Start of Data in this exercise
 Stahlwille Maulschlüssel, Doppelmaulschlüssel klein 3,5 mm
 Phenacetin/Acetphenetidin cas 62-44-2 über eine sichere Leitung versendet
End of Data in this exercise
Start of Data in this exercise
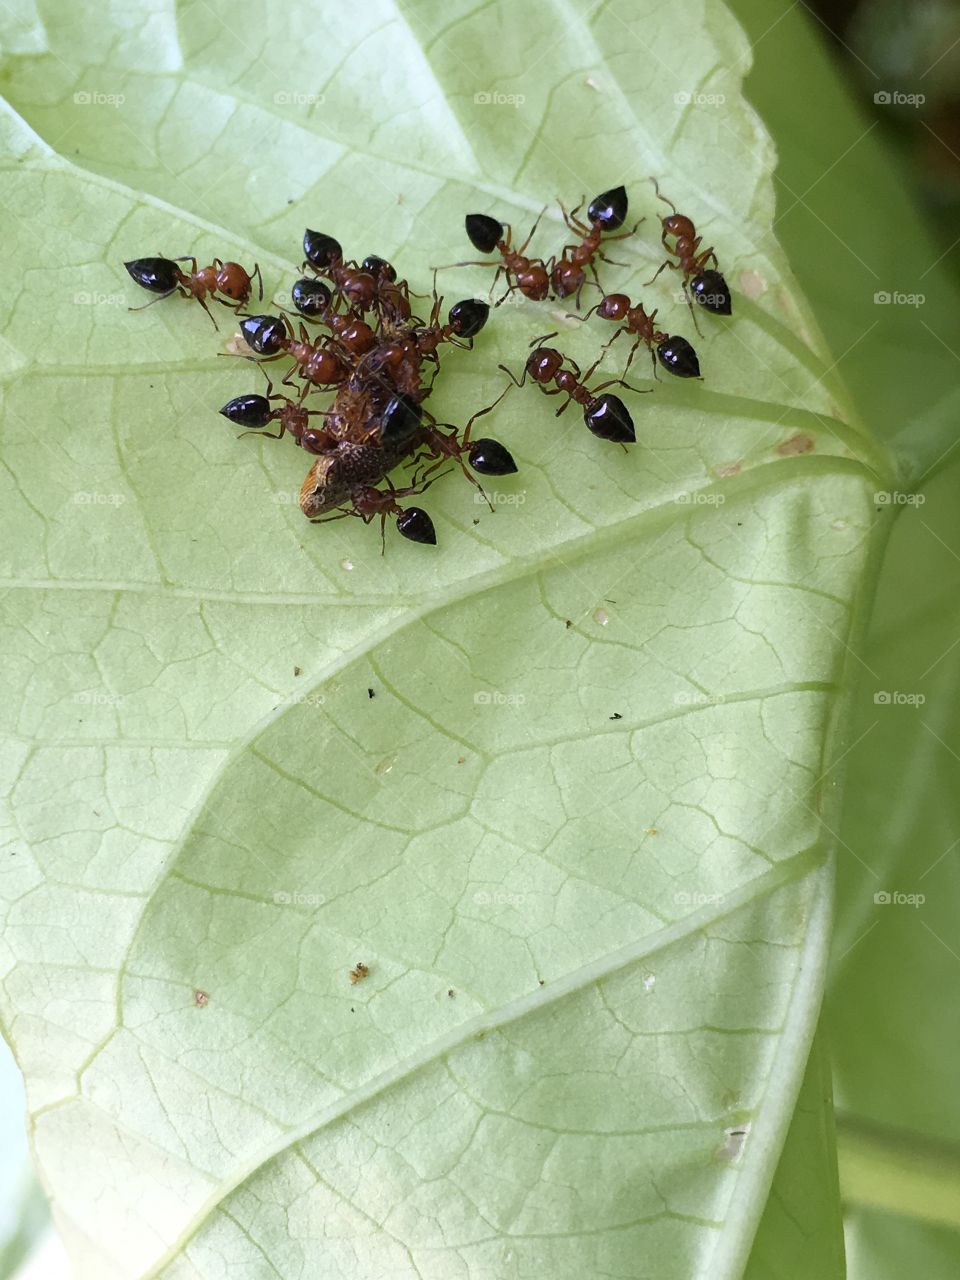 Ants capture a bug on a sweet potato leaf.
End of Data in this exercise
> Task details
Please reproduce exactly the lines in the listing above from the one containing "Stahlwille Maulschlüssel, Doppelmaulschlüssel" through the one containing "Phenacetin/Acetphenetidin cas 62-44-2", both included, and nothing more.

> Task response
 Stahlwille Maulschlüssel, Doppelmaulschlüssel klein 3,5 mm
 Phenacetin/Acetphenetidin cas 62-44-2 über eine sichere Leitung versendet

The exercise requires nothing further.